Opening Bell: 5.9.17
Elliott Advisors takes legal action to oust Akzo Nobel chairman (FT)
In its letter Elliott said not a single shareholder had publicly backed the Akzo board’s “standalone strategy and stance of non-engagement, while eight out of the 20 largest shareholders have publicly urged Akzo Nobel to constructively engage with PPG”.
JPMorgan Tells Banks to Partner Up as U.S. Deposit Drain Looms (BBG)
A "deposit is destroyed" if the "Fed does not reinvest," the presentation states.
JPMorgan estimates that a quantitative easing-related deposit-drain could result in loan growth lagging deposit growth by $200 billion to $300 billion a year. That could be particularly problematic for banks that rely on deposit products that roll over swiftly, such as brokered accounts bought from third parties, large commercial banking accounts and high-interest savings accounts.
Testosterone is the enemy of smart investing decisions, study finds (MarketWatch)
"What we found was the testosterone group was quicker to make snap judgments on brain teasers where your initial guess is usually wrong," says Caltech Professor Colin Camerer. "The testosterone is either inhibiting the process of mentally checking your work or increasing the intuitive feeling that 'I'm definitely right.'"
U.S. regulators look at Volcker Rule, a sign they hear Wall Street (Reuters)
Since Trump took office, Treasury, "has probably conducted more outreach to the financial industry, at least the asset management industry, than the Obama administration did in eight years," said Paul Stevens, president of the Investment Company Institute
Goldman shakes up investment bank leadership (FT)
Gregg Lemkau, who had risen to the role of co-head of global mergers and acquisitions in a 25-year career with the bank, is one of the two new co-heads flanking Mr Waldron, along with Marc Nachmann, former head of the global financing group and head of Latin America. Mr Nachmann, a German national who was made partner in 2004, will relocate to London.
Ex-Nomura Trader Says He Was Trained to Lie to Customers (BBG)
"It was just commonplace on the desk," he said. "I didn’t think about the reality of it when I was actually doing it." DiNucci, who worked at Nomura from 2009 to 2012, pleaded guilty last month to one count of conspiracy to commit securities fraud and agreed to cooperate with the government.
On Deck Goes From Hot Tech Startup to Dull Lender (WSJ)
The online lender said Monday that it would put a renewed focus on achieving profitability by slowing growth and cutting costs. Shares fell by nearly 7% in response. Fundamentally, investors are finally waking up to the fact that On Deck is more of a niche financial company than a revolutionary technology platform.
Why Do Gas Station Prices Constantly Change?
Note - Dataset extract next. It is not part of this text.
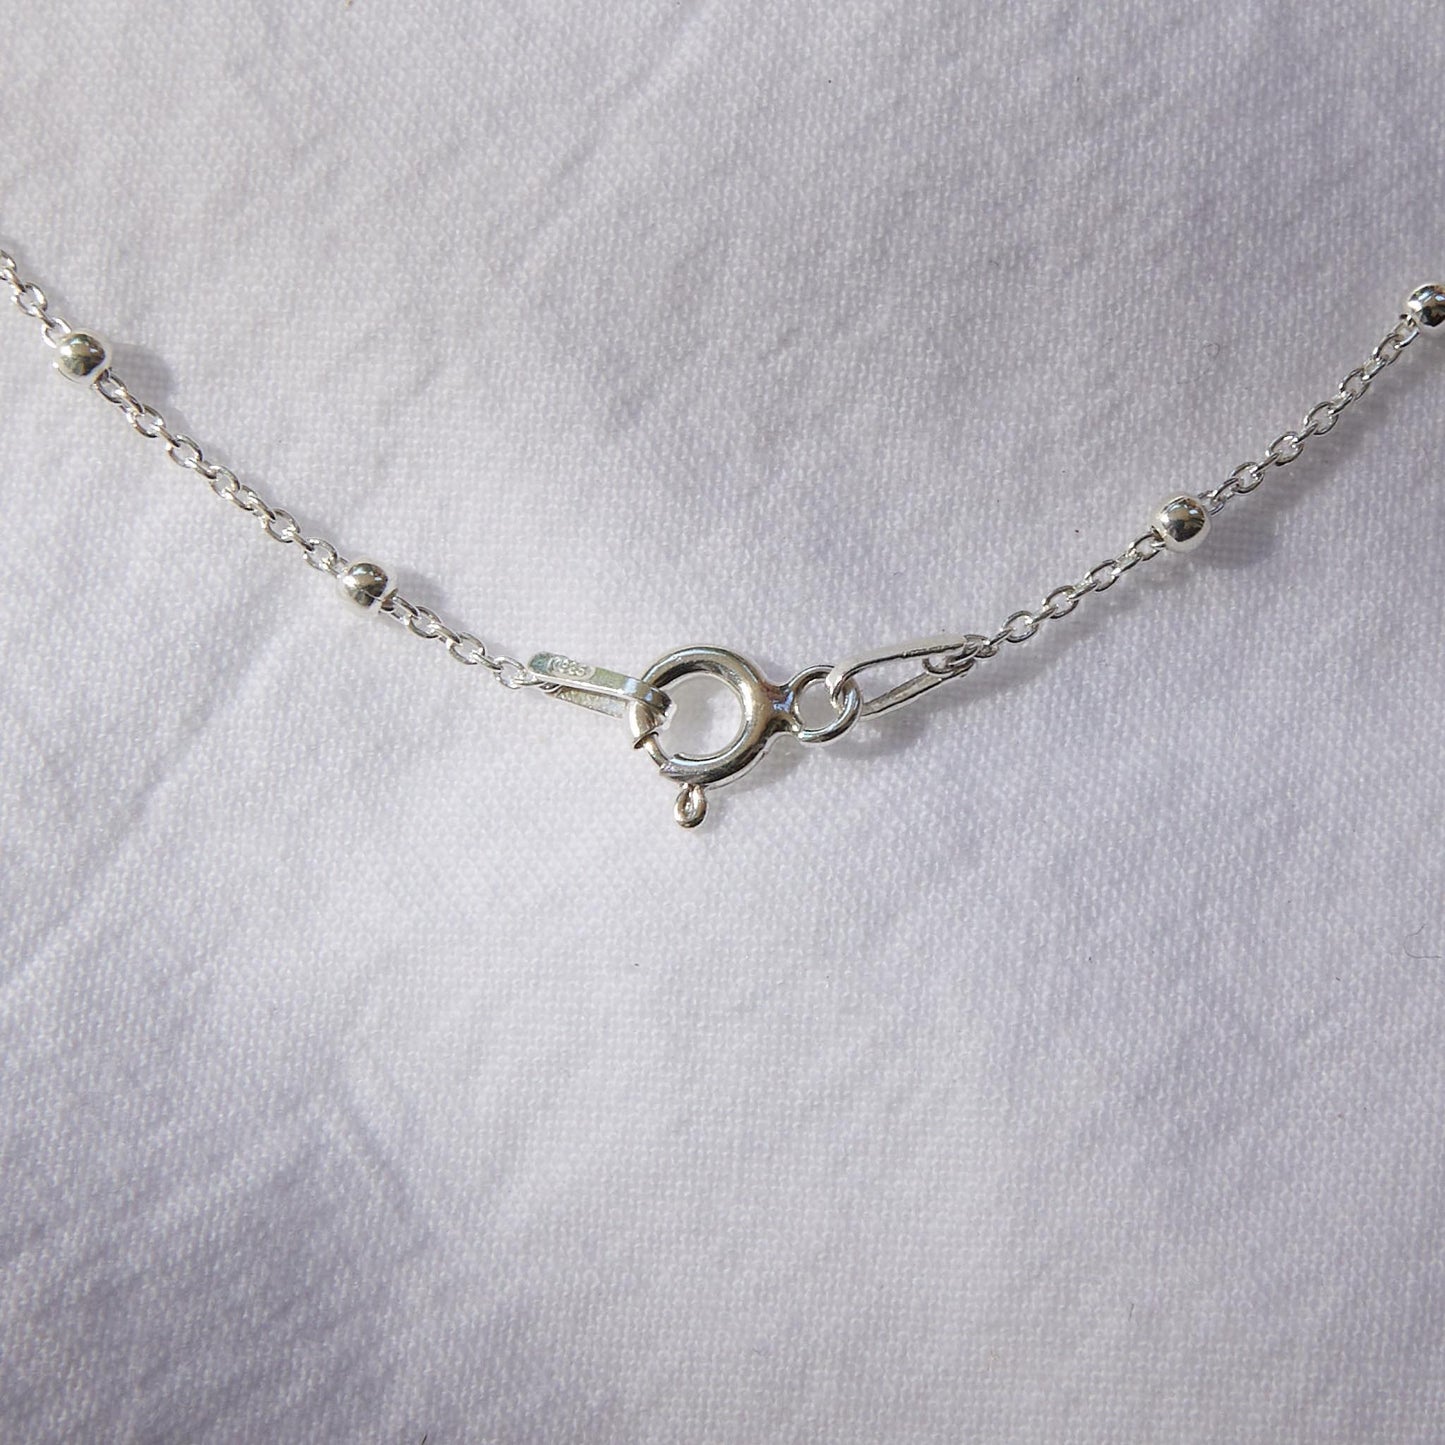 Sterling silver ball chain

Blame the Algorithm (WSJ)
In economics textbooks, open competition between companies selling a similar product, like gasoline, tends to push prices lower. These kinds of algorithms determine the optimal price sometimes dozens of times a day. As they get better at predicting what competitors are charging and what consumers are willing to pay, there are signs they sometimes end up boosting prices together.
Pepe the Frog Is Dead, or So His Creator Hopes (NYT)
Oren Segal, the director of the Anti-Defamation League’s Center on Extremism, said he appreciated Mr. Furie’s struggle to maintain control of his character. But he had “mixed feelings” about seeing the frog in a coffin. “This meme is almost like Elvis,” he said. “Elvis lives on, and Pepe is going to live on regardless of whether we put him in a casket in a cartoon.”
Danish brewer puts the 'P' in pilsner (Reuters)
The beer named "Pisner" - a word-play combining pilsner with local slang for urine - contains no human waste, but is produced from fields of malting barley fertilized with human urine rather than traditional animal manure or factory-made plant nutrients.